In teaching my students about Conditional Probability, it is often helpful to create a Conditional Probability Tree diagram like the one pictured above. Probability Tree diagrams can help the students visualize the branching structure of conditional probability.
Probability Tree Diagrams Using D3 and Javascript
To create the interactive conditional probability tree diagram, I used the excellent D3 Data Framework and Javascript.
The diagram automatically computes the relevant conditional probabilities given the input data. It also allows you to change the input probabilities and recompute.
(You can also see an earlier conditional probability tree diagram that I created using the R programming language).
Conditional Probability and Medical Testing
The structure of the tree was inspired by the way Bayes’ Theorem is used in testing for diseases in medicine. When there is a disease with a low prevalence in the population (say, fewer than 1/100 people have the disease), a positive result on a medical test for the disease sometimes produce surprising, counter-intuitive probabilities as to whether the patient actually has the disease even with a positive result on a highly accurate test.
There is a parallel issue in law involving rare evidence and Bayes’ Theorem. Students often find this concept difficult to learn, and the probability tree can aid in comprehension. I will explain this phenomenon further in a future post.
You can click on the “Medical Interpretation” to see a interpretation of the tree along the medical paradigm described.

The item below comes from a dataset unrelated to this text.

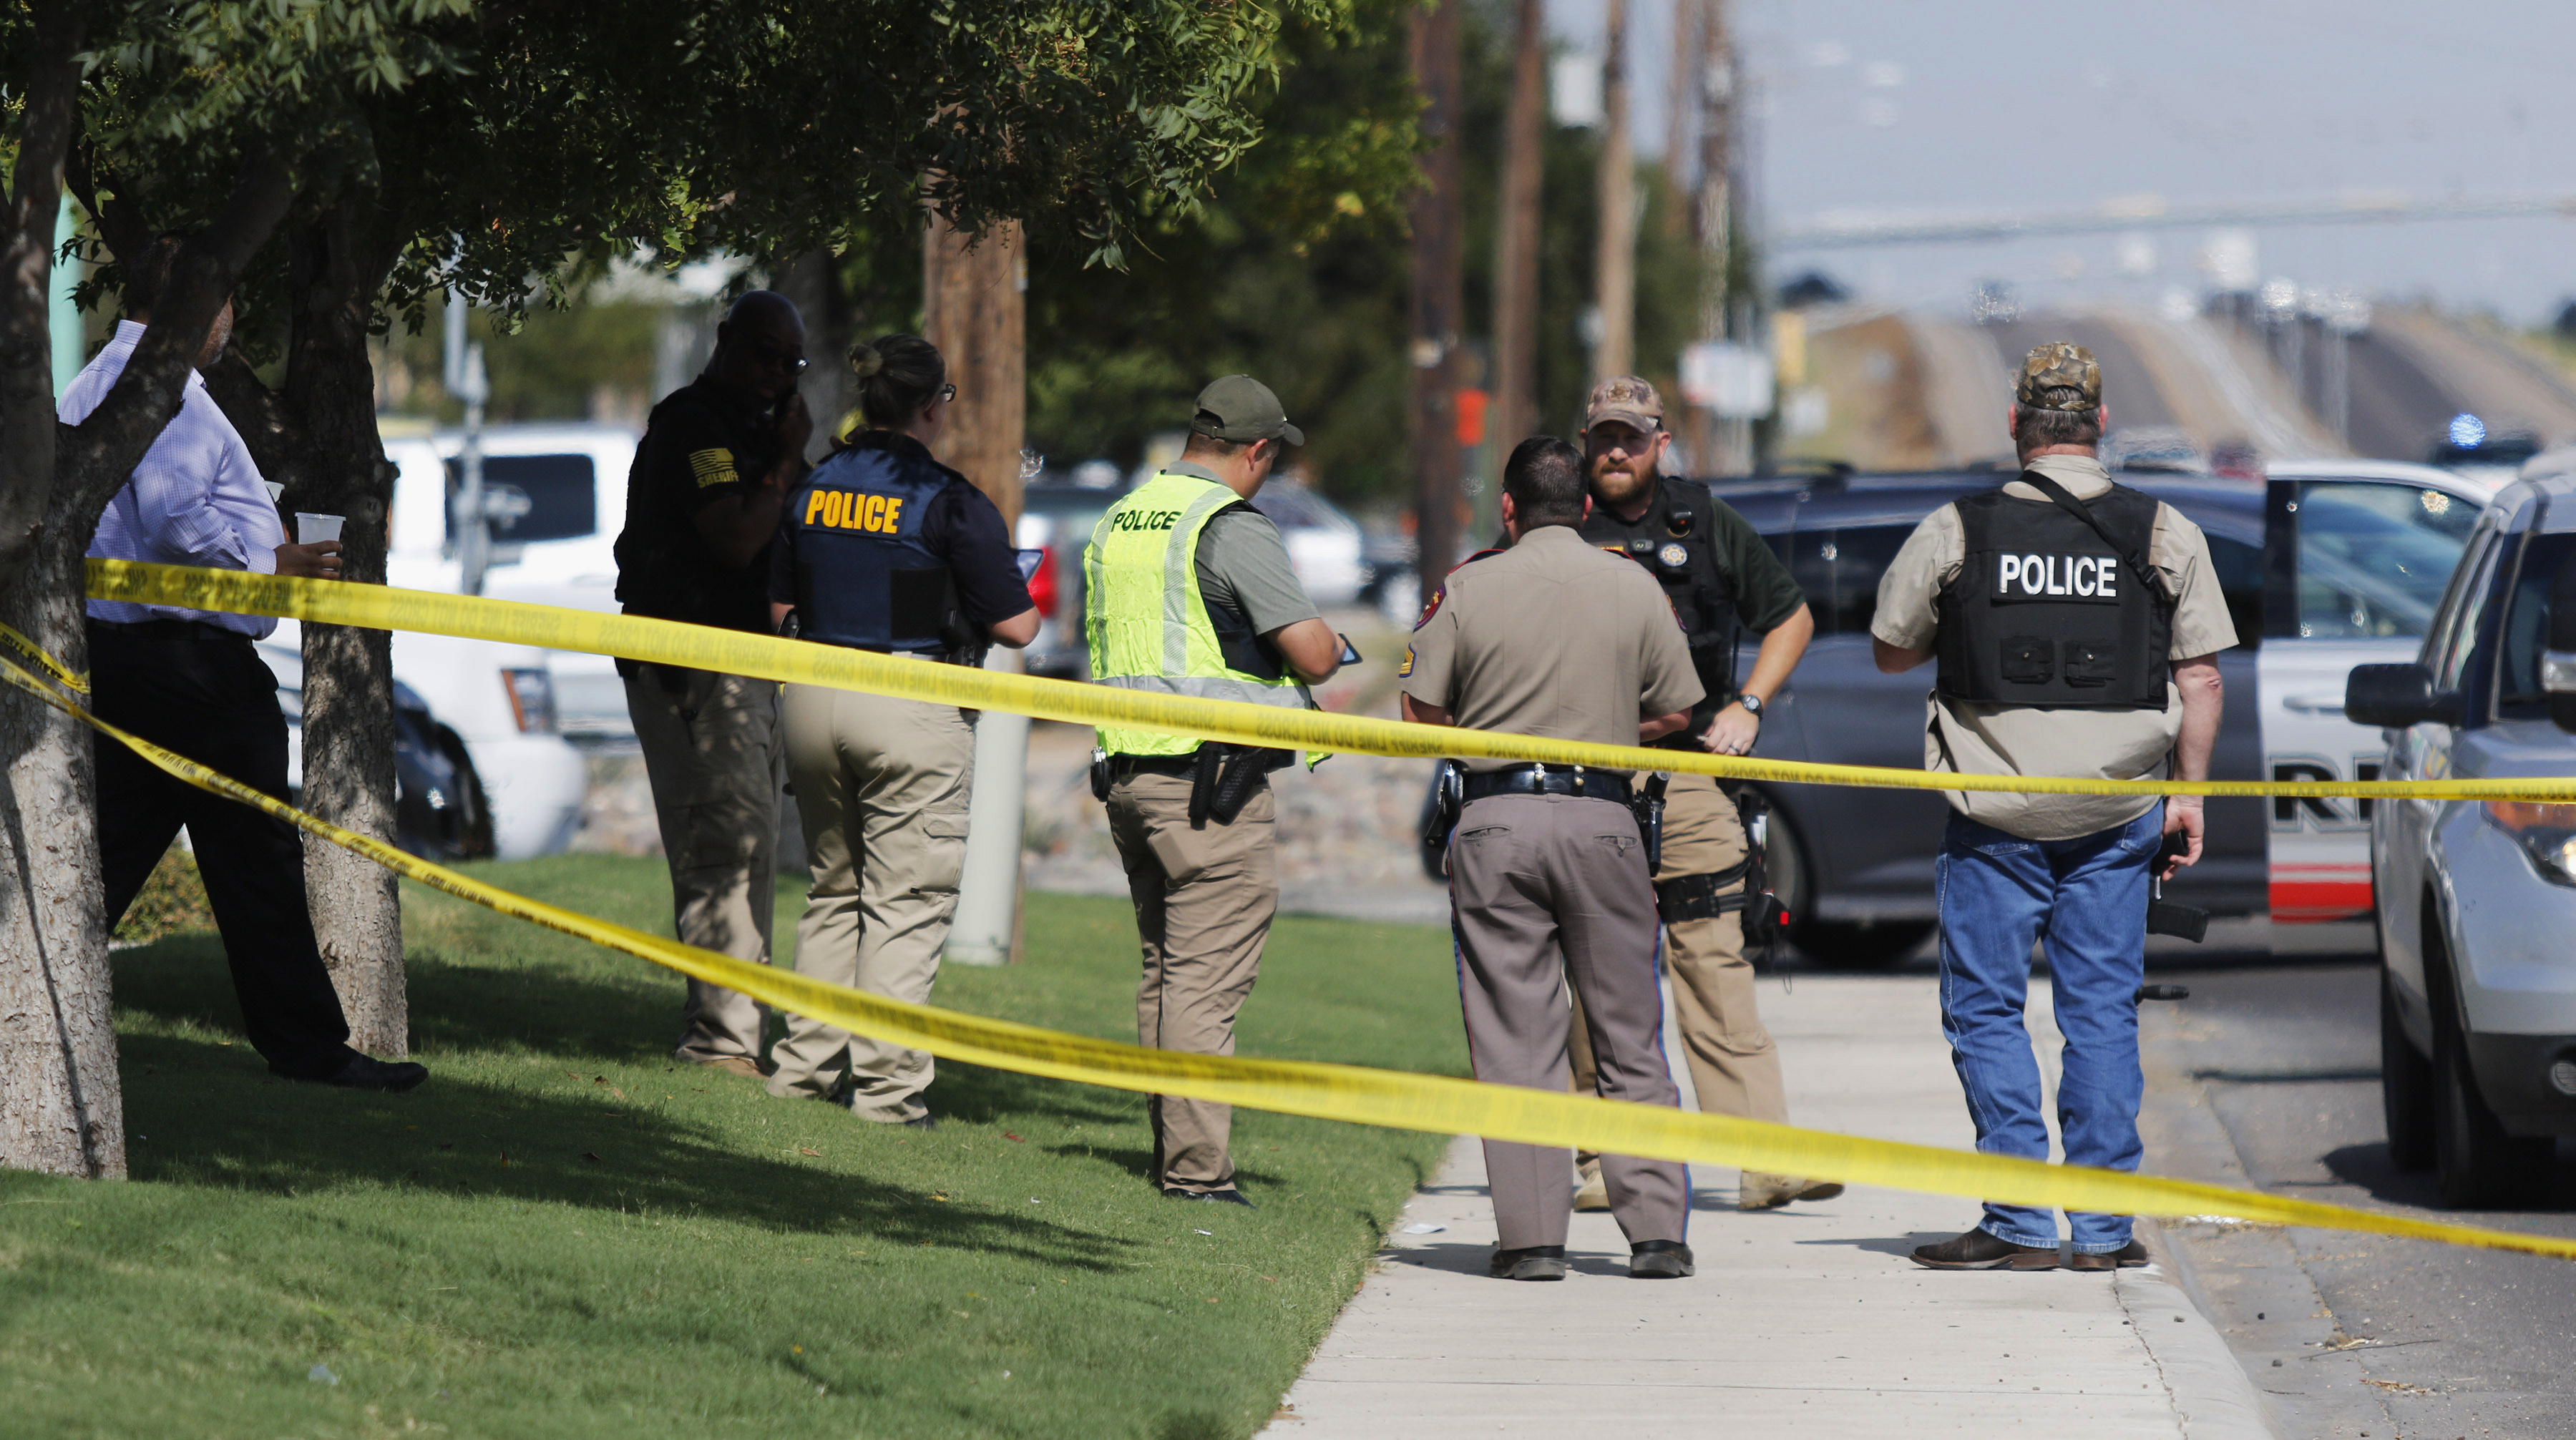 The Latest: West Texas residents grieve at prayer vigil
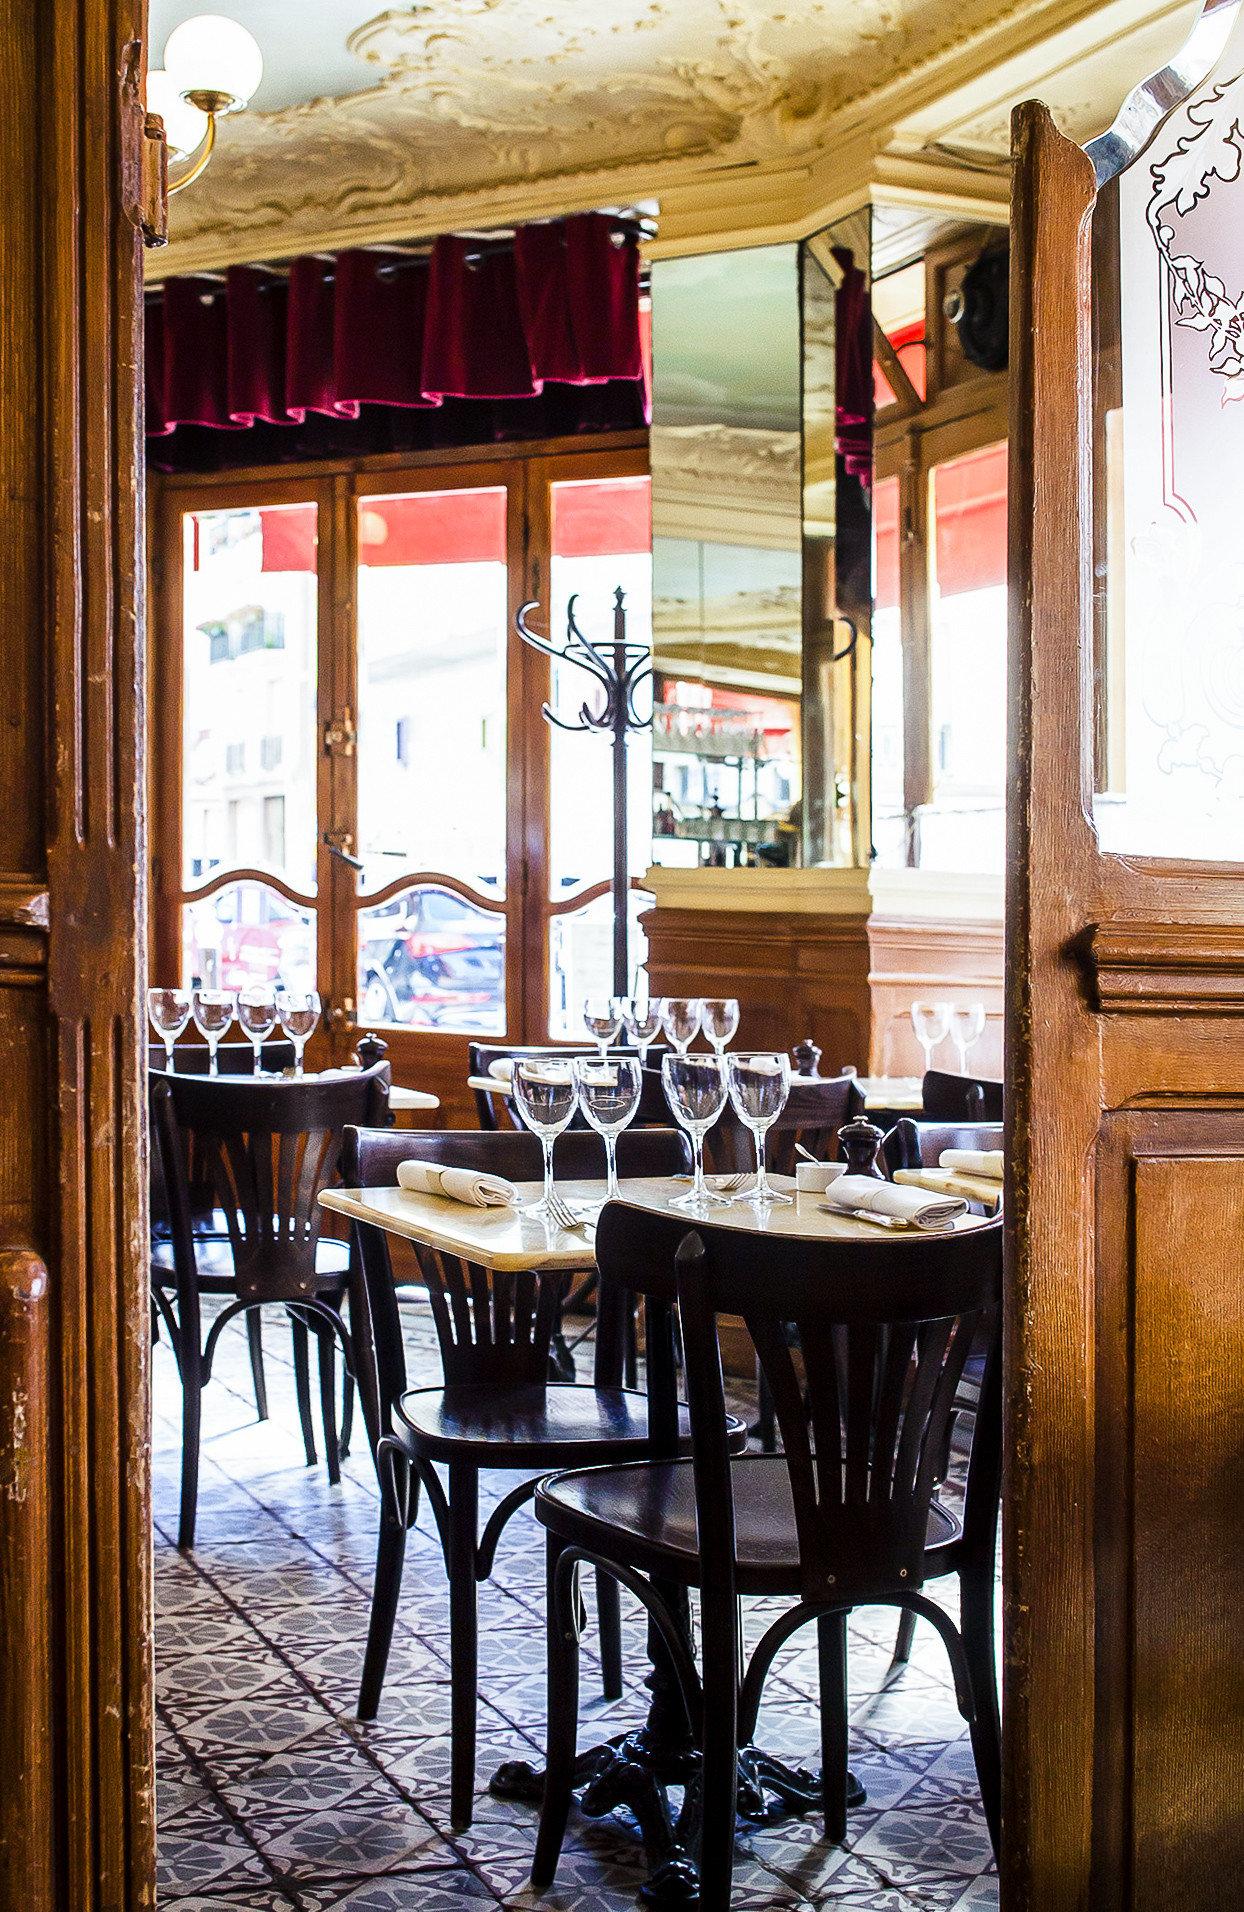 Food + Drink France Paris restaurant table dining room furniture interior design window café chair

Code for Basic Probability Tree
Below is the code for a more basic basic probability tree diagram that reads in the data structure and displays a tree. Such a basic diagram is much shorter and lacks much of the functionality of the interactive probability tree. I included the basic source code (rather than the full source code of the demo) below because it is much simpler to understand than the code for the interactive one. This should give the gist of how to create a probability tree diagram using d3 and javascript.
<!DOCTYPE html>
<meta charset="utf-8" xmlns="http://www.w3.org/1999/html">
<html>
<head>
<!--// Load up d3 scripts and other scripts-->
<script type="text/javascript" src="https://cdnjs.cloudflare.com/ajax/libs/d3/3.5.5/d3.js"></script>
<style>
.td2{
text-align:left;
padding-top:2px;
color: #666B85;
}
.svgHolder{
position:absolute;
left:10px;
top:0px;
}
circle {
fill: #0fd4b9;
stroke: steelblue;
/*stroke:grey;*/
stroke-width: 3px;
/*opacity: .8;*/
}
text { font: 14px sans-serif; }
.subText {
font: 13px sans-serif;
fill:blue;
}
.subTextWhite{
font: 13px sans-serif;
fill:white;
}
.link {
fill: none;
/*stroke: #ccc;*/
stroke:#0B0B0B;
stroke-width: 2px;
}
.givenProb{
font-family: 'Open Sans','Helvetica Neue', 'Helvetica', Arial, Verdana;
font-size:14px;
text-align: center;
fill:red;
}
.label1{
font-family: 'Open Sans','Helvetica Neue', 'Helvetica', Arial, Verdana;
font-size:14px;
width:55px;
text-align: center;
fill:blue;
}
</style>
</head>
<body>
<div class="mainContainer">
<div class="svgHolder">
</div>
<div class="tablex">
<table >
<tbody>
<tr style="height:10px;">
<td class="td2"> P(A|B): </td>
<td> </td>
<td class="td2" style="height:10px"> <span id="tableAGivenB"></span></td>
</tr>
<tr>
<td class="td2" style=""> P(¬A|B): </td>
<td> </td>
<td class="td2" style="height:10px"> <span id="tableNotAGivenB"></span></td>
</tr>
</tbody>
</table>
</div>
</div>
<script>
var data = [
{
"name": "P",
"num":"0",
"display": "P",
"parent": "null",
"children": [
{
"name": "A",
"num":"1",
"display": "A",
"probability":".01",
"children": [
{
"name": "A&B",
"num":"3",
"display": "B",
"givenName":"P(B|A)",
"given":".99"
},
{
"name": "A&¬B",
"num":"4",
"display": "¬ B",
"givenName":"P(¬ B|A)"
}
]
},
{
"name": "¬ A",
"display": "¬ A",
"num":"2",
"children": [
{
"name": "¬A&B",
"display": "B",
"num":"5",
"givenName":"P(B|¬ A)"
},
{
"name": "¬A&¬B",
"display": "¬ B",
"num":"6",
"given":".9",
"givenName":"P(¬ B|¬ A)"
}
]
}
]
}
];
var grandChildSpacing = 0;
var margin = {top: 00, right: 140, bottom: 0, left: 90},
width = 800 - margin.right - margin.left,
height = 700 - margin.top - margin.bottom + (grandChildSpacing*4);
var i = 0;
var radius=40;
var tree = d3.layout.tree()
.nodeSize([80,100])
.separation(function (a,b) {
if (a.depth ==2){
return 1.4
} else {
return 1
}
});
var svg = d3.select(".svgHolder").append("svg")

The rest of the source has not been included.